Throughput HPC is typically used for calculations on big data within areas such as health science, technical simulations, chemistry, physics and bioinformatics. 

Characteristics of Throughput HPC: 

  • Mostly unattended batch jobs 
  • Many jobs/many cores 
  • Large workflows (inhomogeneous jobs) 
  • Requires some level of technical expertise to use 

LUMI Capability HPC 

Capability HPC is the European pre-exascale supercomputer, LUMI, and it’s located in the CSC datacentre in Finland. LUMI is financed 50% by EuroHPC Joint Undertaking, and 50% by a consortium of countries of which Denmark funds 3%.

LUMI offers a setup similar to that of Throughput HPC, but with the very height of hardware enabling LUMI to handle calculations that surpass the capacity of Throughput HPC due to latency or memory.  

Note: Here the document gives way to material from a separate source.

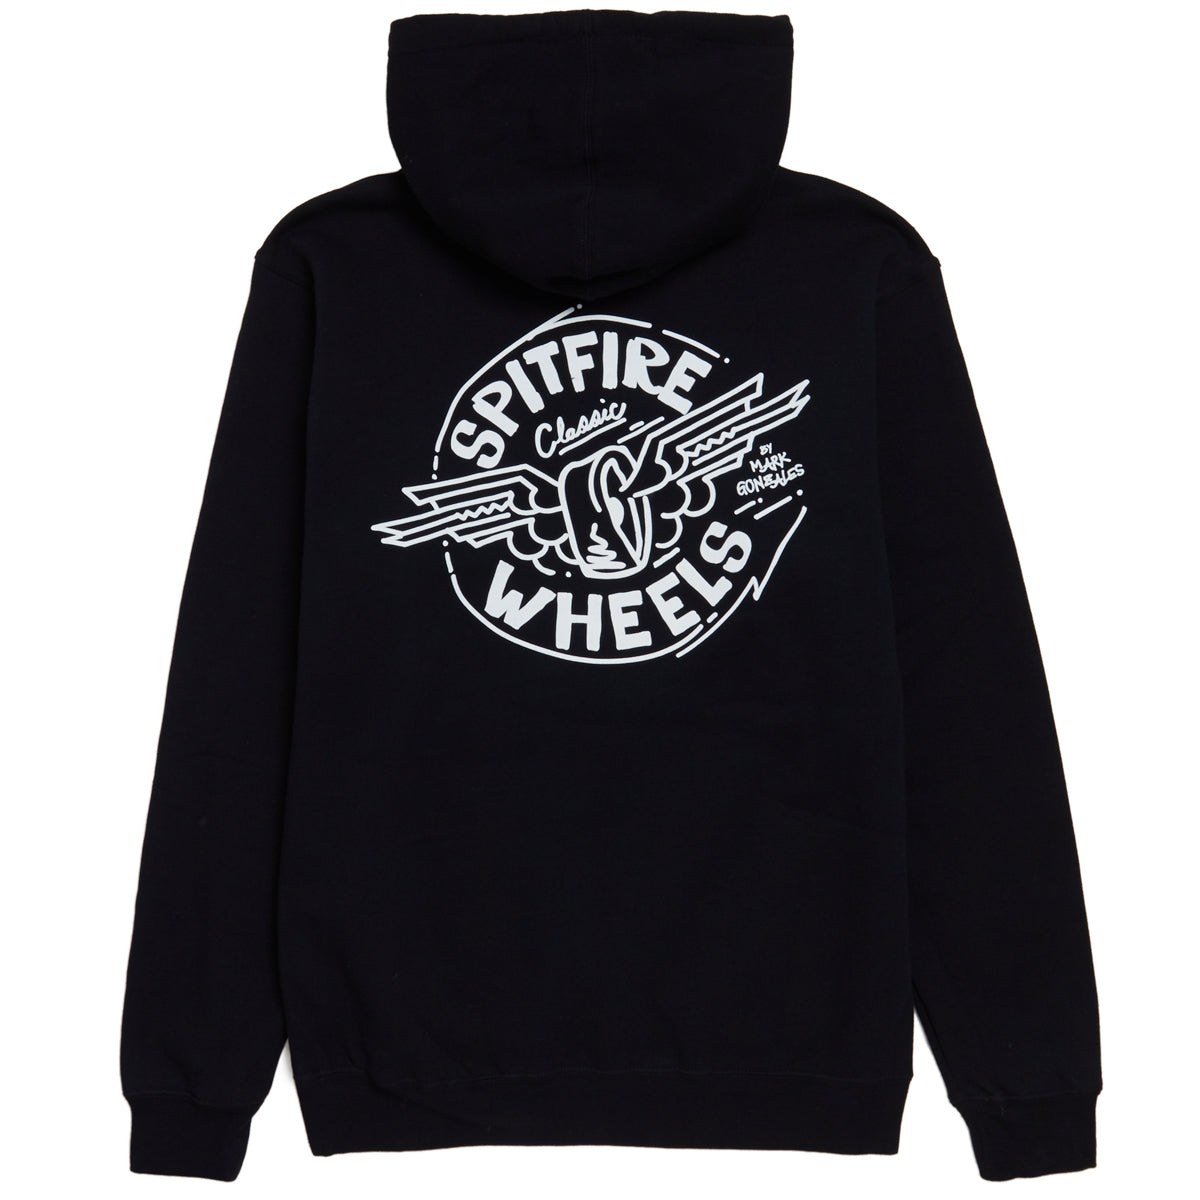 Spitfire Gonz Flying Classic Hoodie - Black image 1
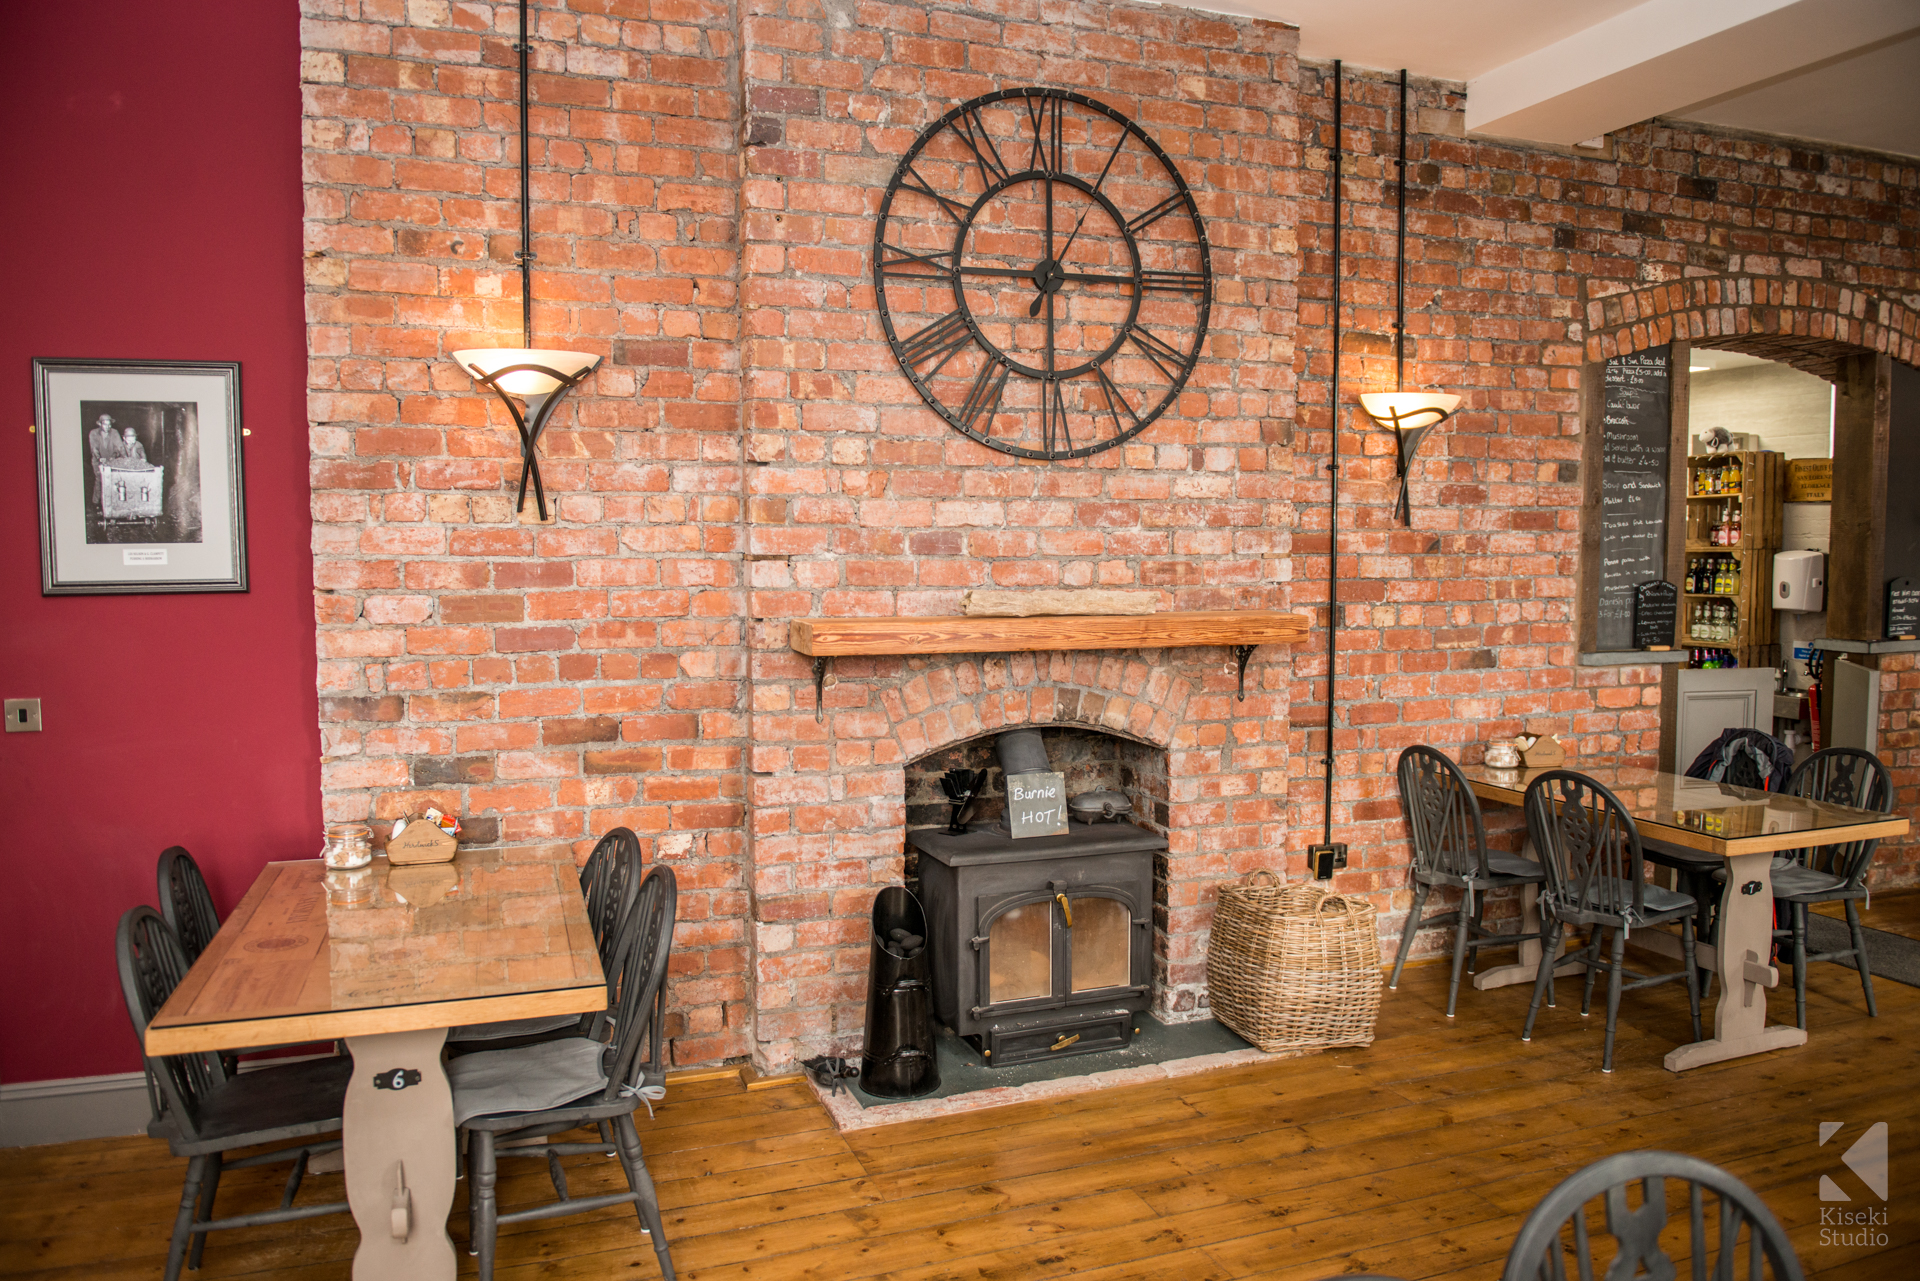 herdwicks-boutique-hotel-dining-area-open-fire-cosy-warm-lake-district-commercial-photography

Characteristics of Capability HPC: 

  • Mostly unattended batch jobs 
  • Many jobs/many cores 
  • Large workflows 
  • Requires some level of technical expertise to use 

DeiC Integration Portal

It is now possible for researchers to access the DeiC HPC systems via a common national portal. The majority of DeiC HPC services are already part of the portal: DeiC Interactive HPC, DeiC Large Memory HPC, and part of DeiC Throughput HPC (Sophia). The remaining parts of DeiC Throughput HPC will be added in the future.  

As for LUMI the integration is limited to project management and requests of resources for the time being. It is not yet possible to run jobs on LUMI directly from the DeiC Integration Portal.